Each organization will receive initial impact grants of $2,500, they said. The foundation has sole discretion over grants and Jackson said the WNBPA has the opportunity to make financial contributions in the future. She views the partnership as one that will gain traction and sustain for years.

Sue Bird, Natasha Cloud highlight organization causes on social

Potentially more important than the fund are the social media shoutouts the WNBPA is launching to advocate for the causes and organizations.

"There’s always a question that the players ask," Jackson said. "What’s our action? What is it that we’re going to do? How is it that this partnership can have some kind of impact?"

For the players, it meant getting involved themselves. Four-time Seattle Storm champion Sue Bird, Atlanta Dream All-Star Elizabeth Williams and Washington Mystics' champion point guard Natasha Cloud are part of a main video as well as individual videos about their personal connections to the causes. Each video is a specific touchpoint for fans to learn more about the organizations that matter to their favorite players.

It was the players' passions that really stuck out for Sims Brown, a longtime WNBA fan from Australia who joined the bank two months ago while the partnership was already in the works. The bank has been involved in social justice for a long time, and Sims Brown wants to see financial services companies and businesses join them in such endeavors.

WNBPA keeps setting new ground

The partnership is not only a first of its kind in type, it's a refreshing approach. Women's sports have rarely been the ones targeted by companies for partnerships in the past.

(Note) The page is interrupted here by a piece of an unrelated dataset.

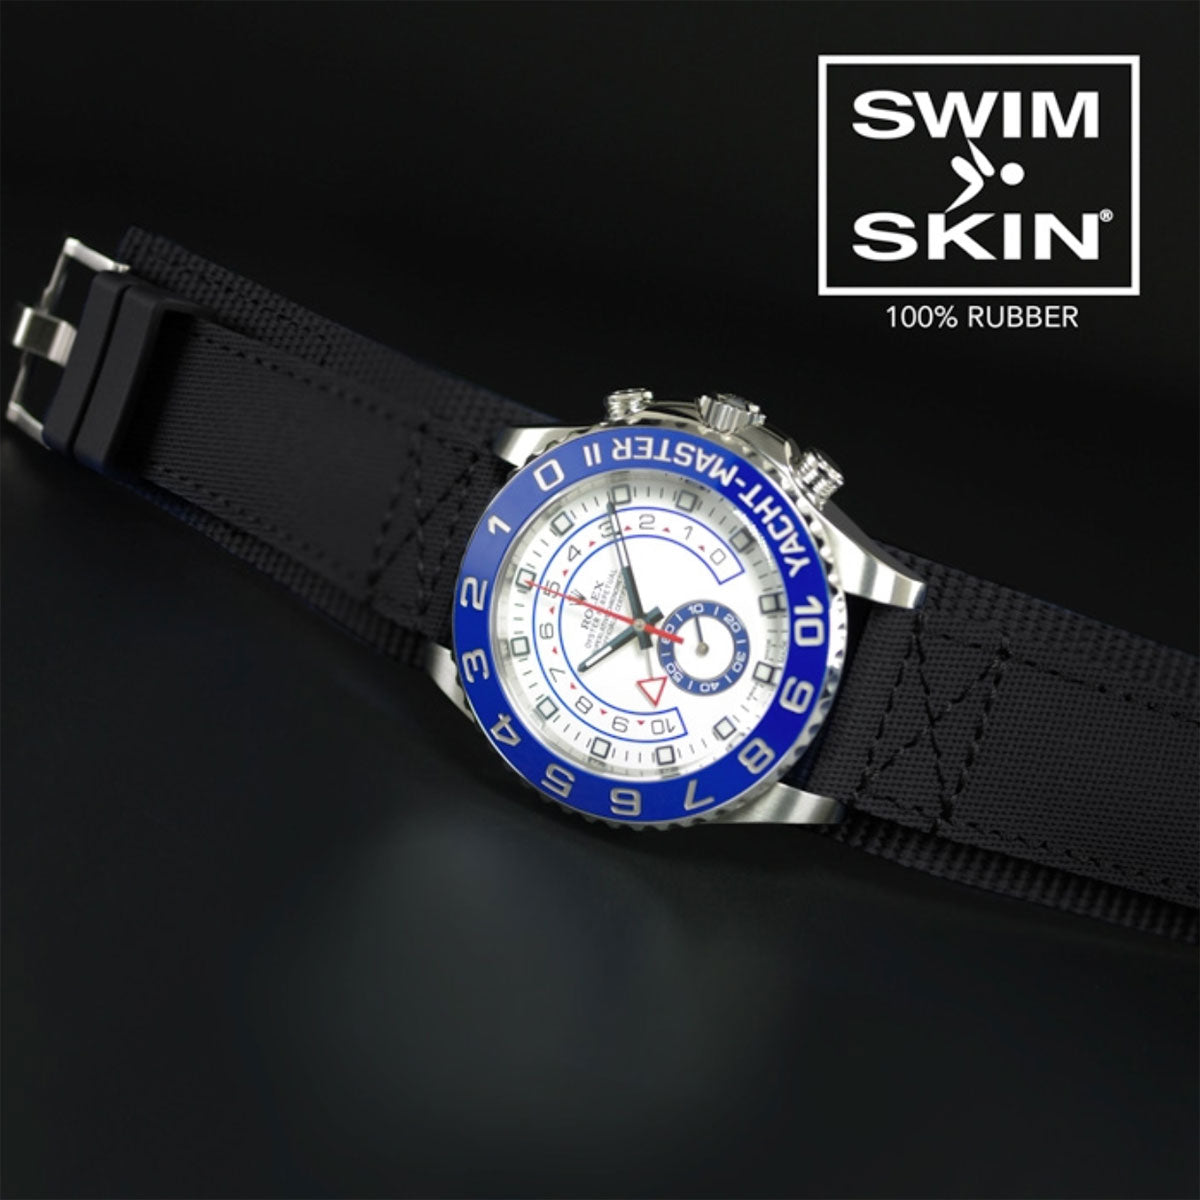 Rolex - Rubber B - Bracelet caoutchouc pour Yachtmaster II 44mm - Série Bund - watch band leather strap - ABP Concept -

Instead, league offices or players' agents have to bang down doors to chase marketing and partnership deals. There is value in these deals, but it takes investment first and few have been willing to do it.

That Amalgamated reached out is another example of the change in the ecosystem over the past 12-18 months. It's also in stark contrast to loud naysayers who believe players and leagues taking a stand for social justice causes will make fans leave the product en masse.

Women's sports, specifically the WNBA, have seen the opposite. And the younger generation, which is aging into the demographic of disposable income, wants to see action from businesses on values they say they support.

"The fact that [Amalgamated] recognized who the players are and again were just affirming their work meant a lot," Jackson said.

When Jackson was hired as the WNBPA executive director five years ago, she was asked where she saw the organization in five and 10 years.

"Did I think that we’d have a social responsibility partner? I don’t think so," Jackson said. "But did I believe that we would be building our business? Yes, I did. The fact that we have a social responsibility partner in Amalgamated Bank for all that they represent, that’s a bonus."